**About this exercise:**
Would you reproduce the data below exactly, please, leaving out its images?

**Dataset section:**
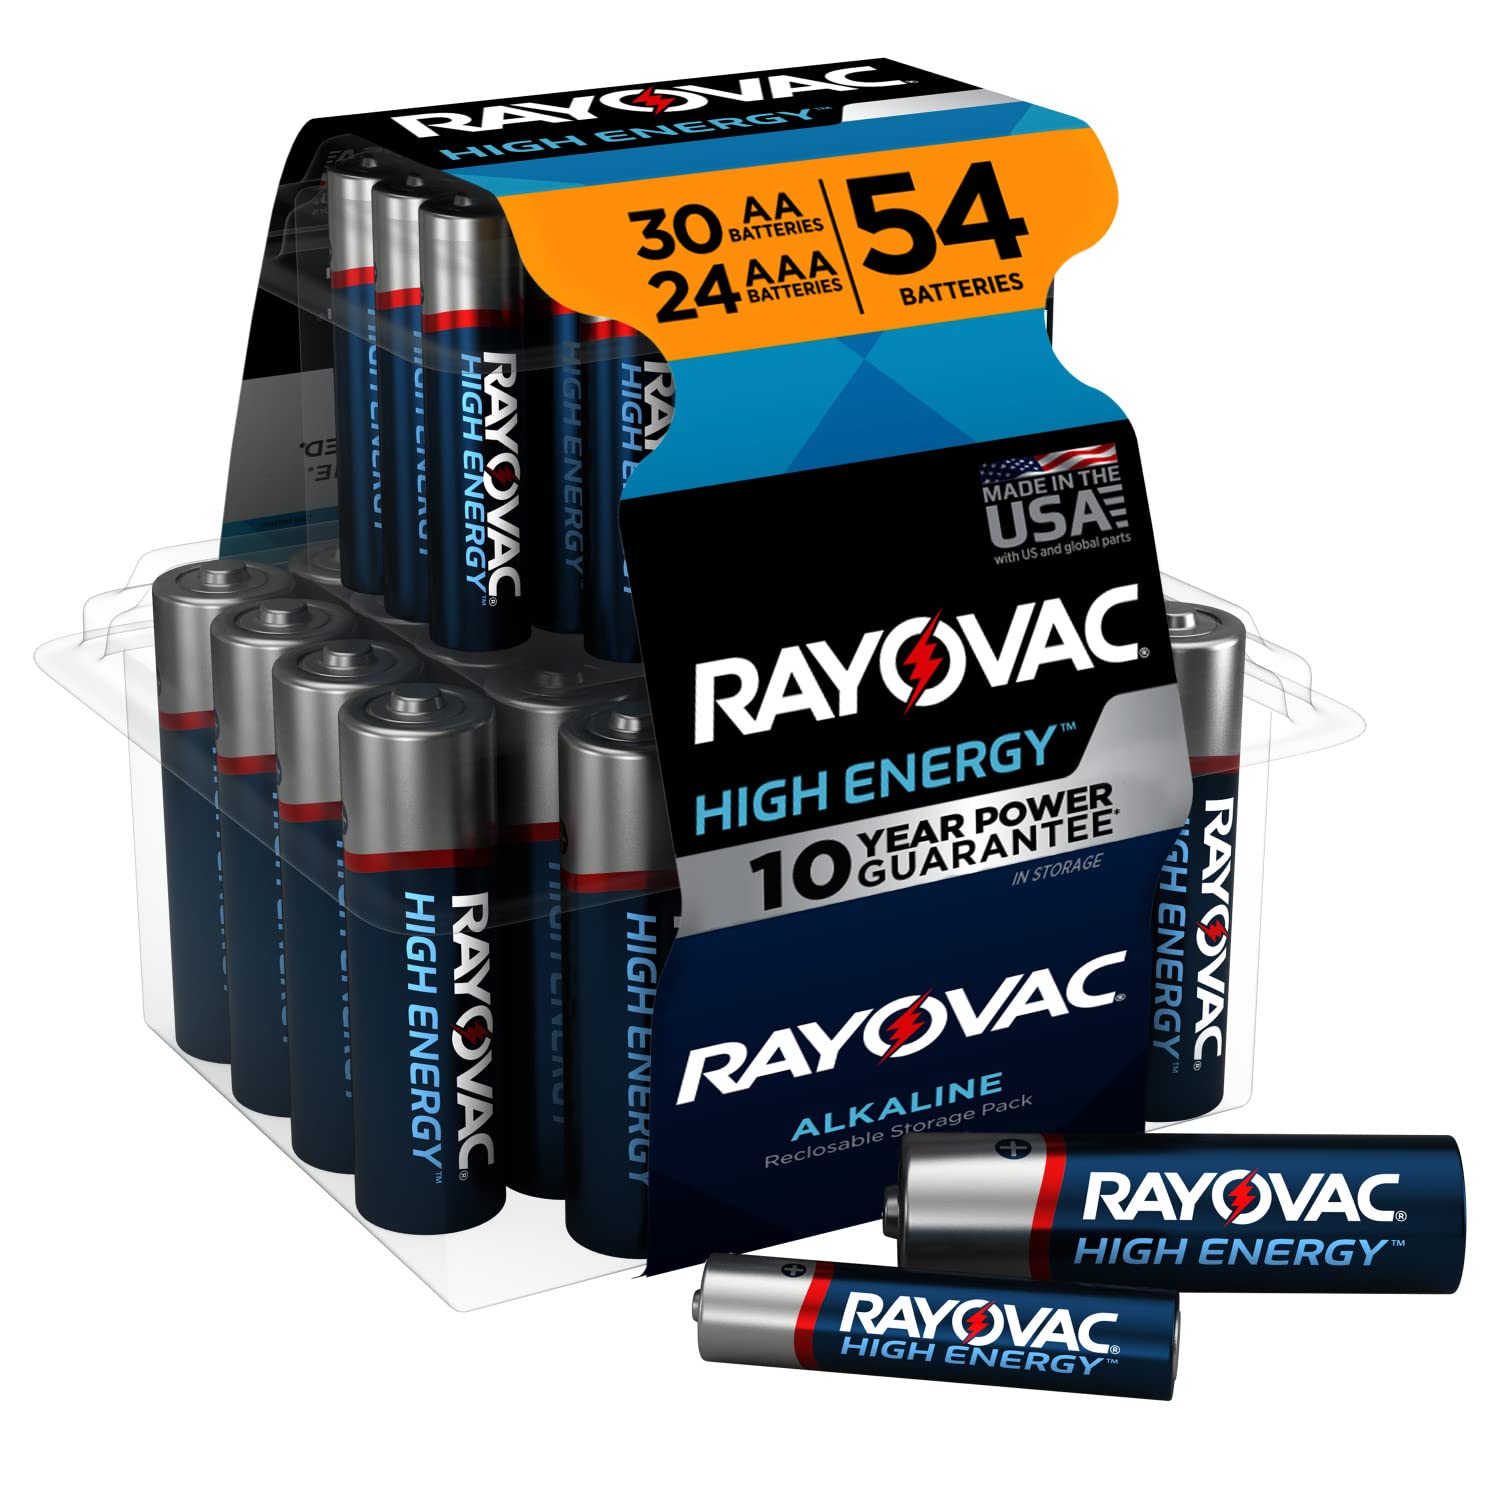 Rayovac AA Batteries & AAA Batteries Variety Pack, 24 Triple A Battery and 30 Double A Battery (54 Count)
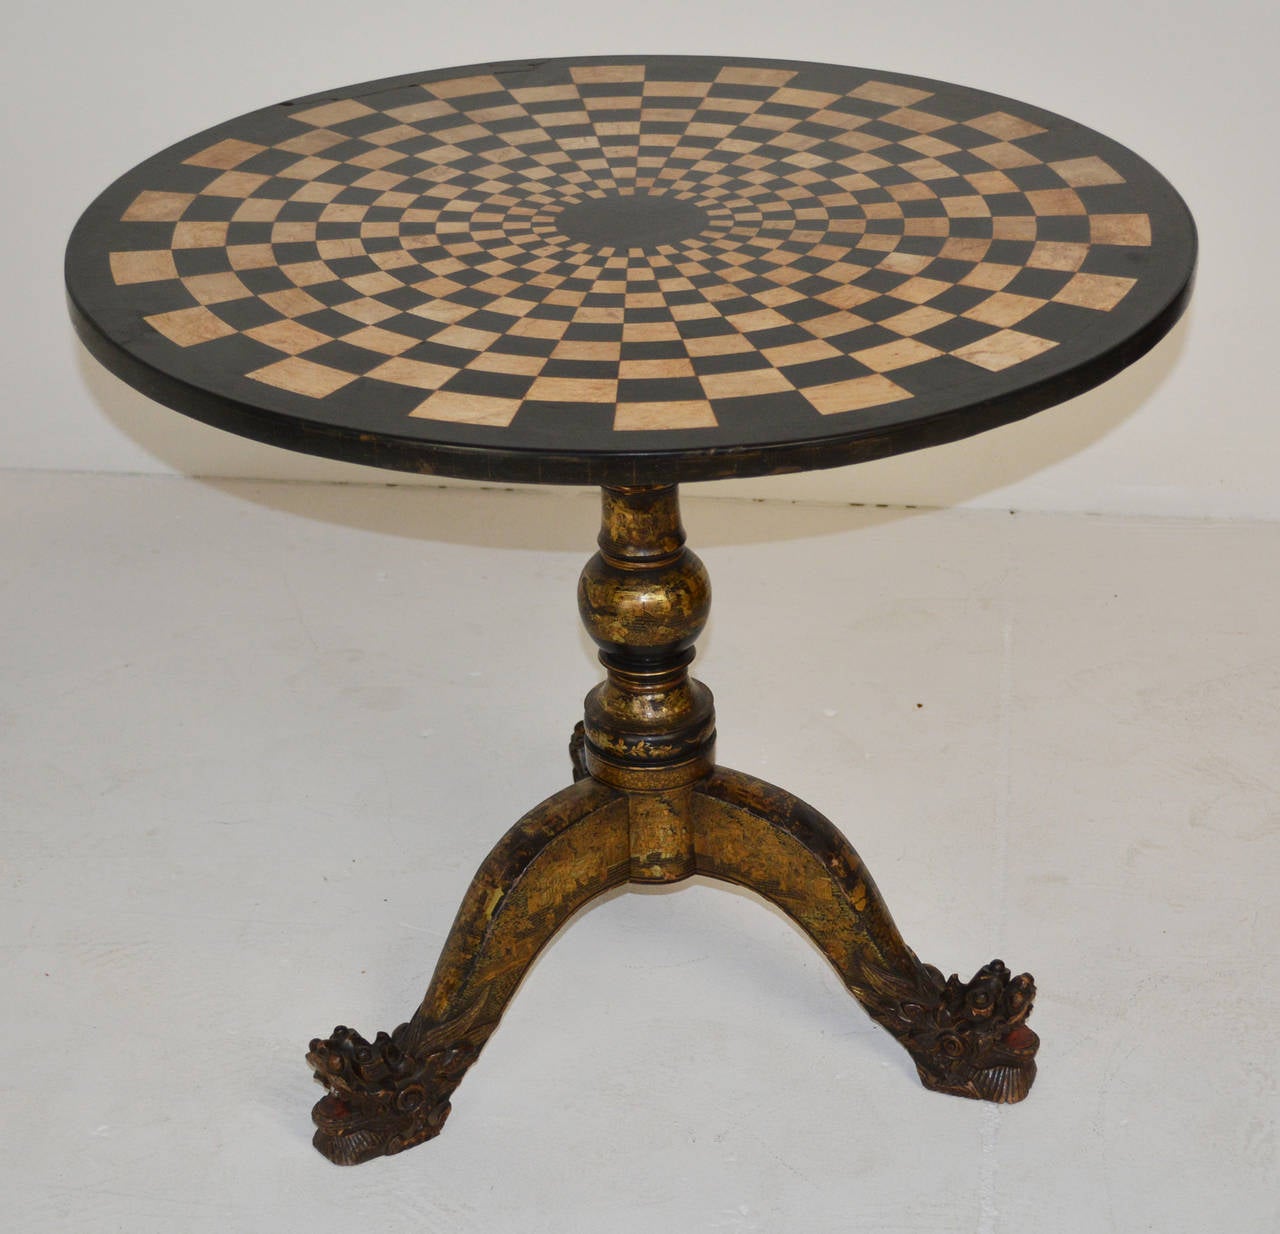 An exceptional 19th century English tripod table with a mosaic marble and slate intarsia top on a turned and carved baluster support terminating in a dragon-motif carved tripod base; of black and red lacquer grounds with gilt decoration of figural
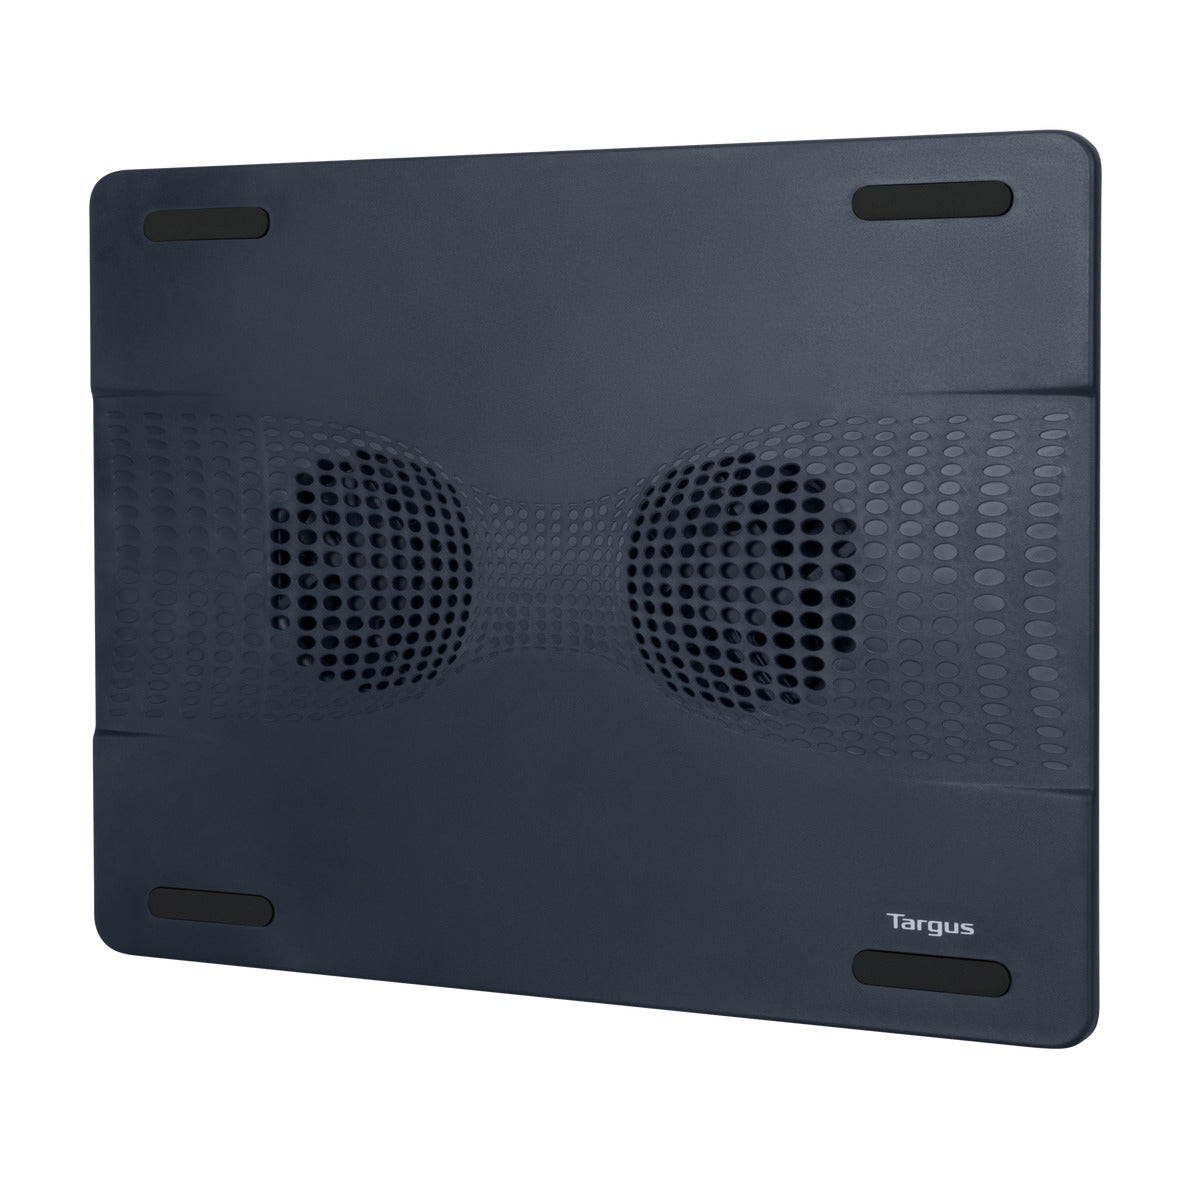 Laptop Cooling Pads and Chill Mats, Laptop Cooling Fans

**Finished exercise:**
 Rayovac AA Batteries & AAA Batteries Variety Pack, 24 Triple A Battery and 30 Double A Battery (54 Count)
 An exceptional 19th century English tripod table with a mosaic marble and slate intarsia top on a turned and carved baluster support terminating in a dragon-motif carved tripod base; of black and red lacquer grounds with gilt decoration of figural
 Laptop Cooling Pads and Chill Mats, Laptop Cooling Fans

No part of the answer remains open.